Some subjects' specimen actual day need to clarify

Hi, I find some duplicated actual days from some individual subject as below, can you clarify them? For example, the subject_id = 2, it has two specimens associated day1 (actual day). The problematic pid are 2, 48, 49, 54, and 55, all from 2020 dataset. No issue was found in 2021 dataset.

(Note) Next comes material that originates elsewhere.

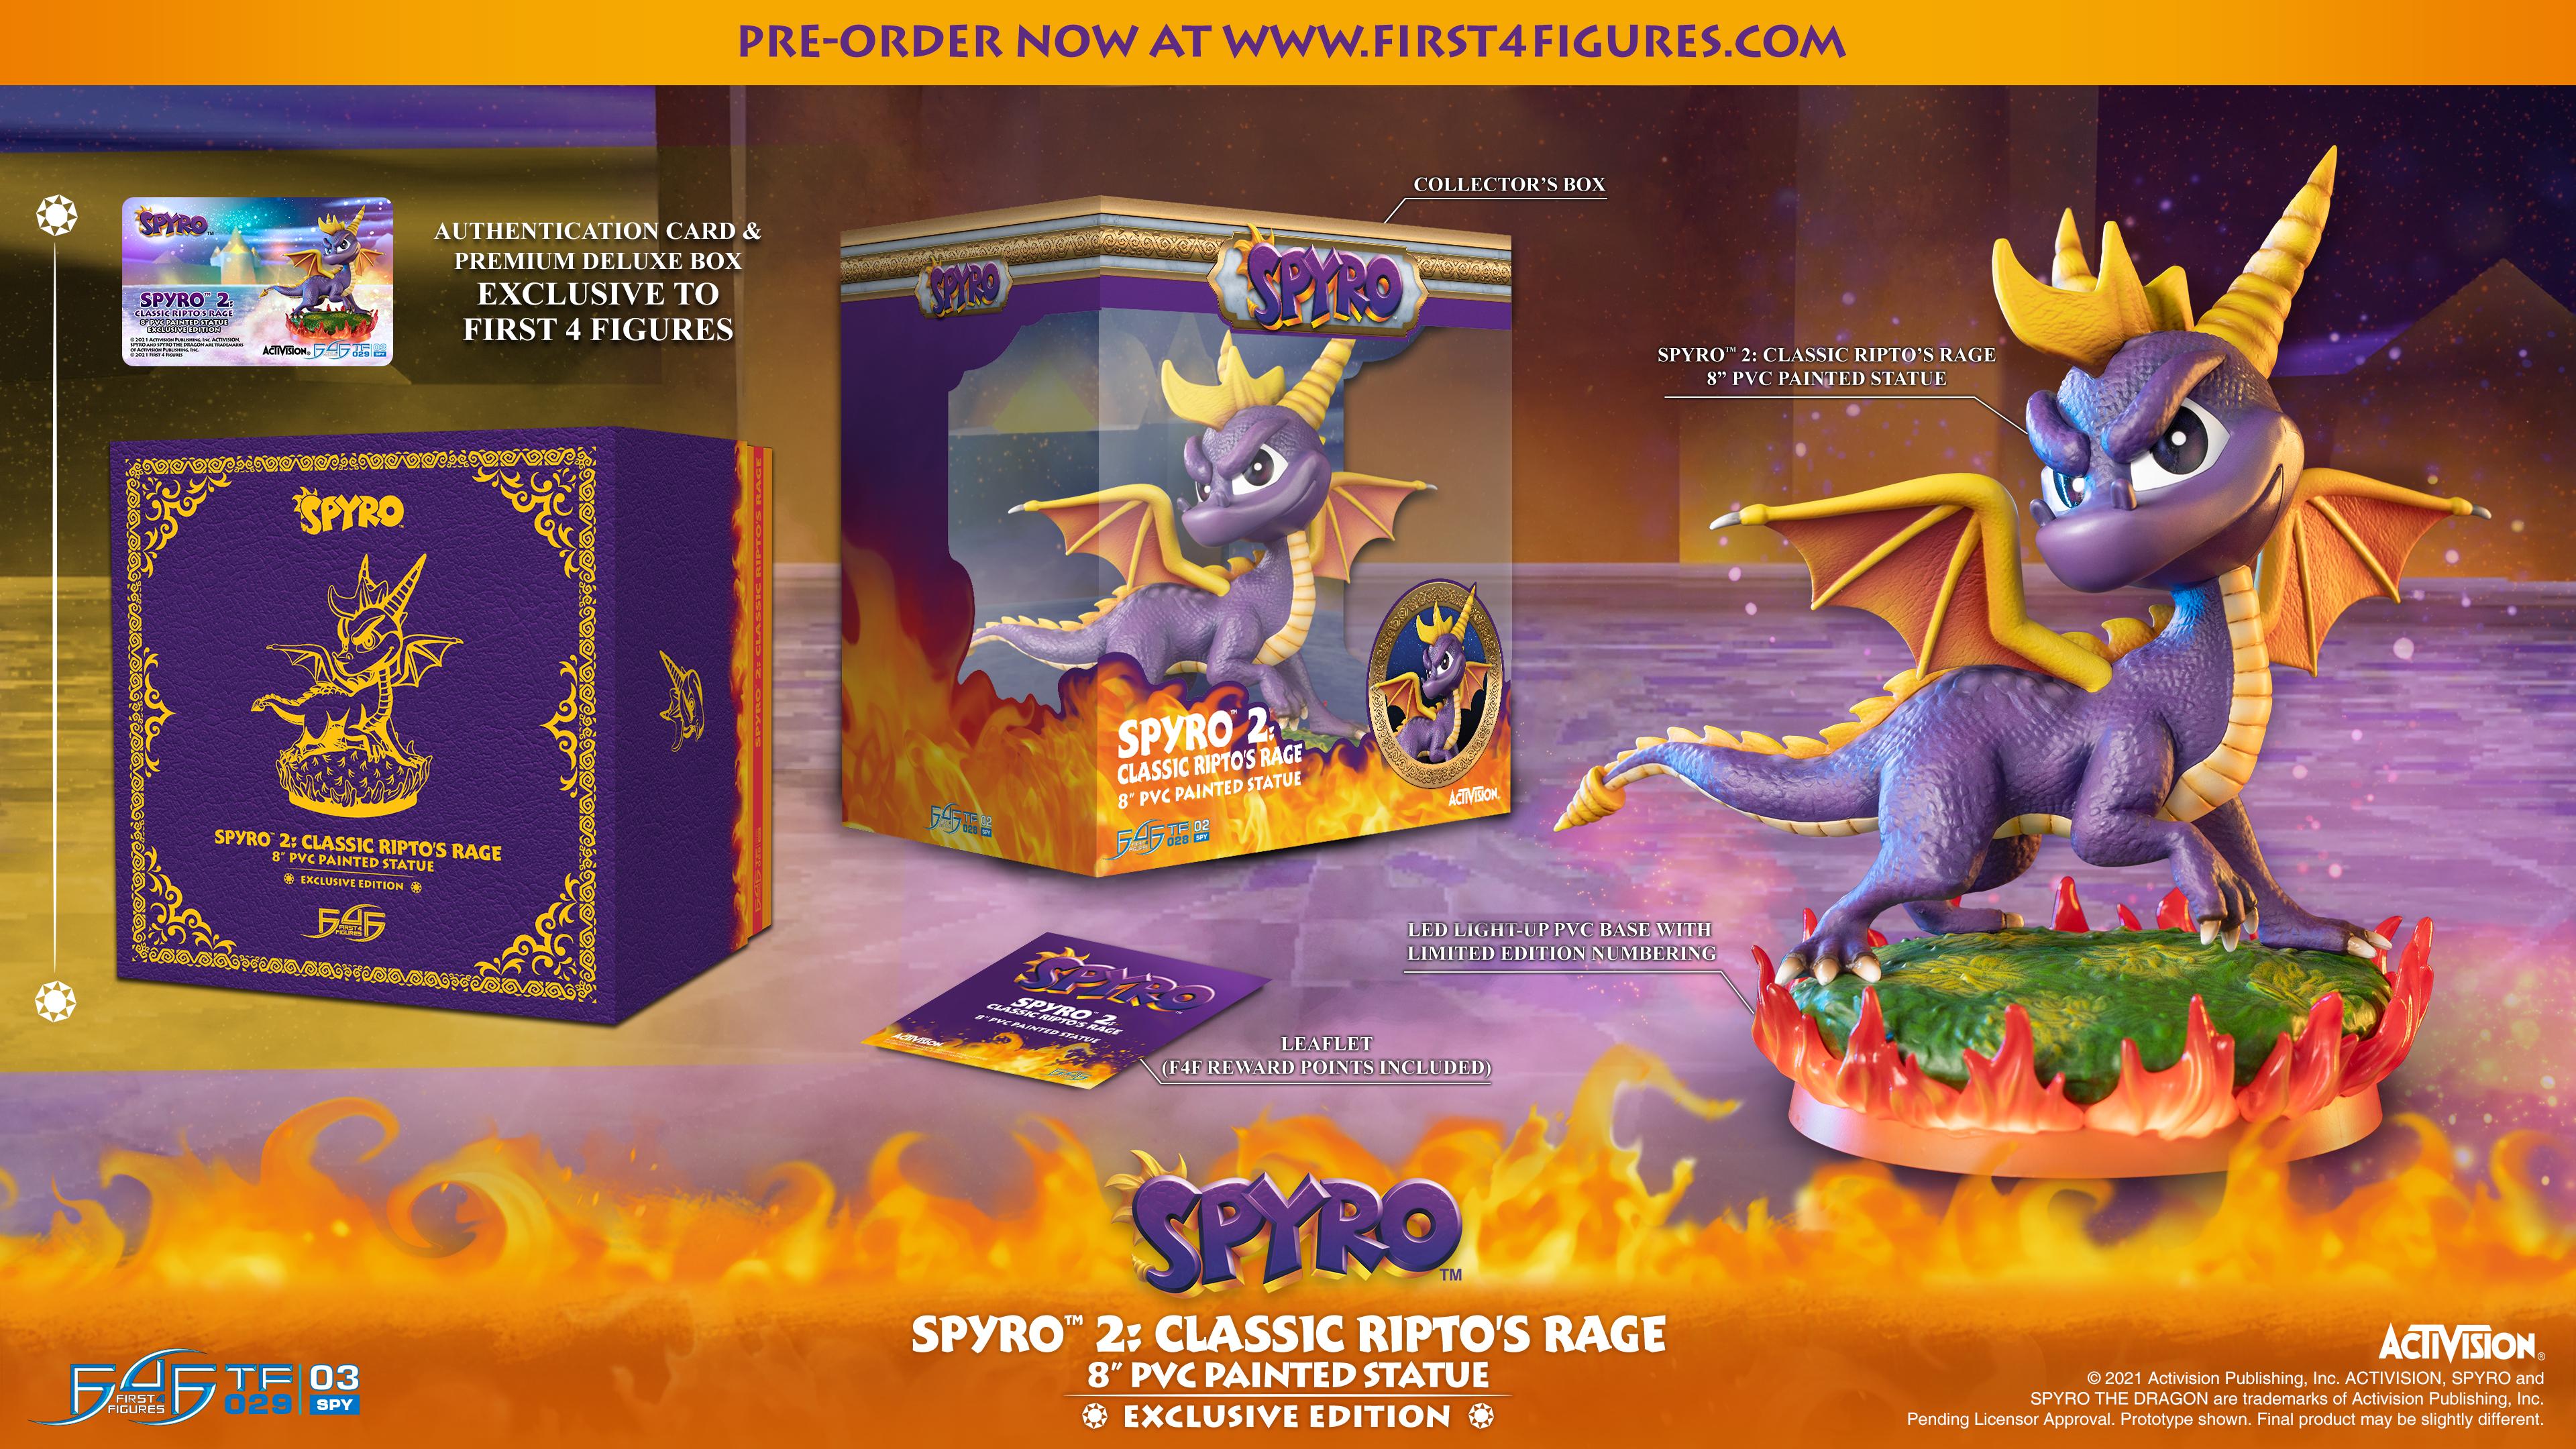 Spyro™ 2: Classic Ripto's Rage (Exclusive Edition)

specimen_id subject_id actual_day_relative_to_boost planned_day_relative_to_boost specimen_type visit dataset
6 11 2 1 0 Blood 1 2020_dataset
7 12 2 1 1 Blood 2 2020_dataset
8 13 2 3 3 Blood 3 2020_dataset
9 14 2 7 7 Blood 4 2020_dataset
10 15 2 14 14 Blood 5 2020_dataset
specimen_id subject_id actual_day_relative_to_boost planned_day_relative_to_boost specimen_type visit dataset
232 369 48 -63 0 Blood 1 2020_dataset
233 370 48 1 1 Blood 2 2020_dataset
234 371 48 7 3 Blood 3 2020_dataset
235 372 48 7 7 Blood 4 2020_dataset
236 373 48 14 14 Blood 5 2020_dataset
specimen_id subject_id actual_day_relative_to_boost planned_day_relative_to_boost specimen_type visit dataset
237 376 49 -56 0 Blood 1 2020_dataset
238 377 49 1 1 Blood 2 2020_dataset
239 378 49 7 3 Blood 3 2020_dataset
240 379 49 7 7 Blood 4 2020_dataset
241 380 49 14 14 Blood 5 2020_dataset
specimen_id subject_id actual_day_relative_to_boost planned_day_relative_to_boost specimen_type visit dataset
262 412 54 -36 0 Blood 1 2020_dataset
263 413 54 1 1 Blood 2 2020_dataset
264 414 54 7 3 Blood 3 2020_dataset
265 415 54 7 7 Blood 4 2020_dataset
266 416 54 14 14 Blood 5 2020_dataset
specimen_id subject_id actual_day_relative_to_boost planned_day_relative_to_boost specimen_type visit dataset
267 419 55 -8 0 Blood 1 2020_dataset
268 420 55 1 1 Blood 2 2020_dataset
269 421 55 7 3 Blood 3 2020_dataset
270 422 55 7 7 Blood 4 2020_dataset
271 423 55 14 14 Blood 5 2020_dataset

Thanks @Joe, for raising this query. We are double-checking subject and specimen information with our clinical core one more time. I will update you here shortly.

Update 2023-10-12

@Joe We found some typing errors in the original data tables. These mistakes are now corrected. The following are correct entries:

  • 6 11 2 0 0 Blood 1 2020_dataset
  • 234 371 48 3 3 Blood 3 2020_dataset
  • 239 378 49 3 3 Blood 3 2020_dataset
  • 264 414 54 3 3 Blood 3 2020_dataset
  • 269 421 55 3 3 Blood 3 2020_dataset

We also noted a few suggestions that resulted in changes in datasets. I will be providing a comprehensive description of all the modified datasets in another post.